“These hives seem to me awfully light,” said Bob, as he lifted out the box with its bees. “They surely can’t have much honey.”

“I hope we don’t have to feed them,” Alice said, apprehensively. “Never mind; we’ll find out to-morrow. Let’s get them all unpacked to-day.”

Packing and unpacking the hives in fall and spring is the most monotonous and heavy task of the whole season, mere hard, fatiguing work, unrelieved as it is by any interest of skill and science. The young Harmans did not finish the job till nearly dusk, and the boys’ backs and arms ached when they carried the last case away. But the yard looked more like an apiary now, and its owners contemplated it with pride.

The summer hives were sixteen by twenty inches in size, and a little less than a foot deep. They were not painted white, as is usual with bee-hives, but were all sorts of colors, red, green, brown, yellow, giving the apiary a highly cheerful and picturesque effect. Either the former owner had had a lively taste for color, or else he had used whatever paint he happened to have on hand.

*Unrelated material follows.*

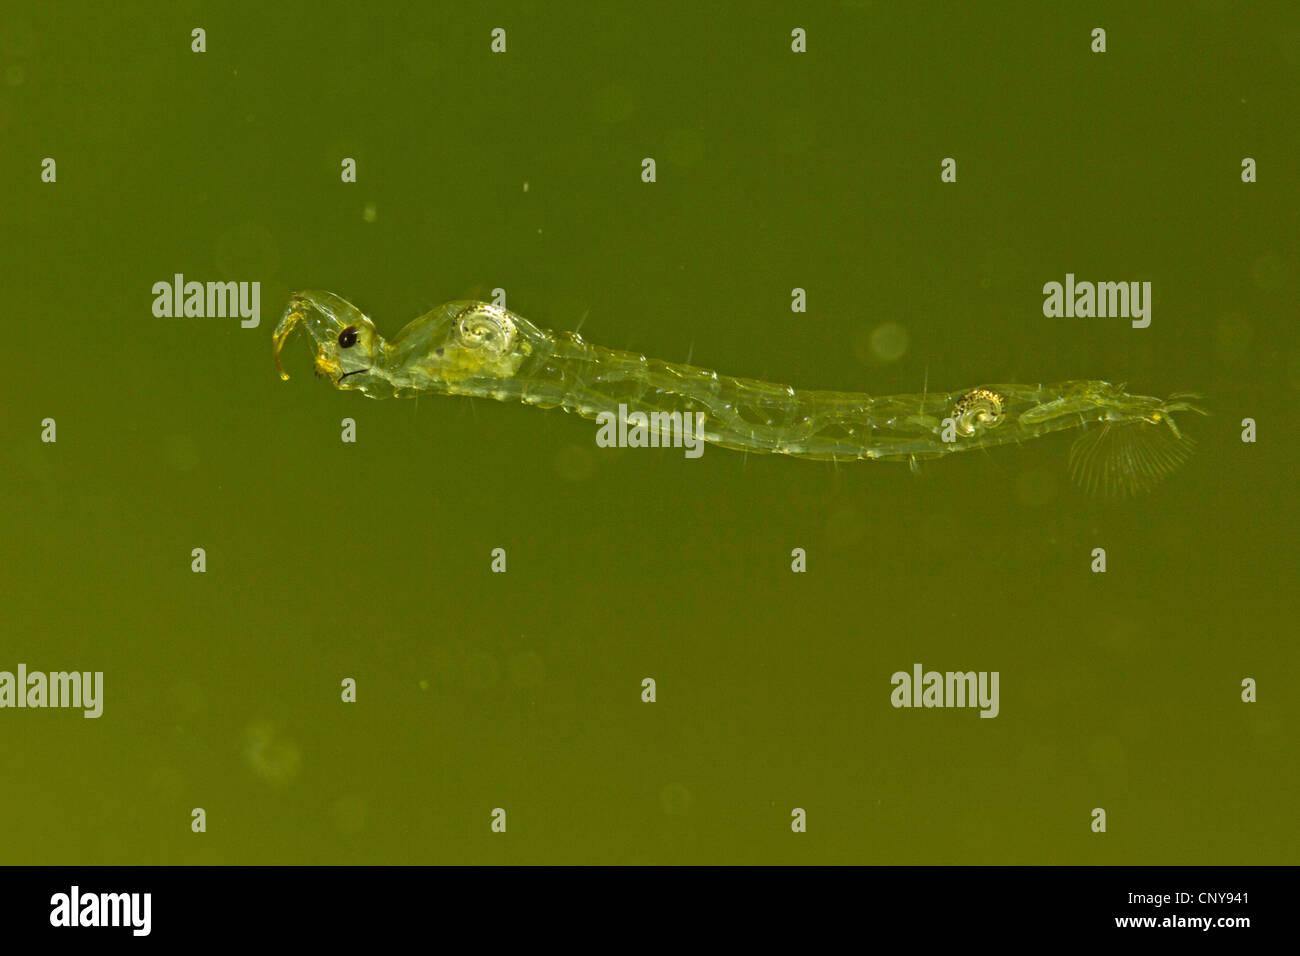 Phantom midge (Chaoborus spec.), larva floating in the water - Stock Image

That night they kept a fire between the rows of hives, and Bob got up once to replenish it. He heard nothing stir, and in the morning there were no fresh tracks. He predicted that a bear would never again venture so near a dwelling, even with the temptation of unlimited honey.

Both the boys had stiff muscles that morning, but they had planned to inspect the bees thoroughly that day, and determined to go through with it. It promised to be a fine day, and the bees were getting enough honey to make them good-tempered; so they could be handled easily.

“I’m going to show you whether I can’t handle these black bees as painlessly as Italians,” said Alice when they went out, and she stopped before the first hive in the row. She was wearing the usual black-fronted veil, but no gloves, and she pulled her sleeves high up on her wrists.

The colony was a strong one, with scores of bees coming and going. Alice gently blew a little smoke across the entrance, driving in the guards; then she blew a stronger puff. A frightened roar arose within. Panic spread through the hive instantly, for smoke is the only thing that bees fear. Alice waited half a minute and then removed the cover and pulled off the canvas quilt.

A flood of bees surged up between the frames, but she drove them down with a puff of smoke before they could take wing. Another strong puff, and she set down the smoker, and with a screw-driver pried loose the outside frame, next to the hive wall.

It came out hard, for the frames had probably been moved very little for over a year, and the bees had glued them fast. When she lifted it out it was covered with a close layer of black bees, who did not remain quiet on the combs like Italians, but scurried here and there, gathered in clusters, and tumbled off on the ground in knots. They ran over Alice’s bare hands, but were too thoroughly subdued to sting.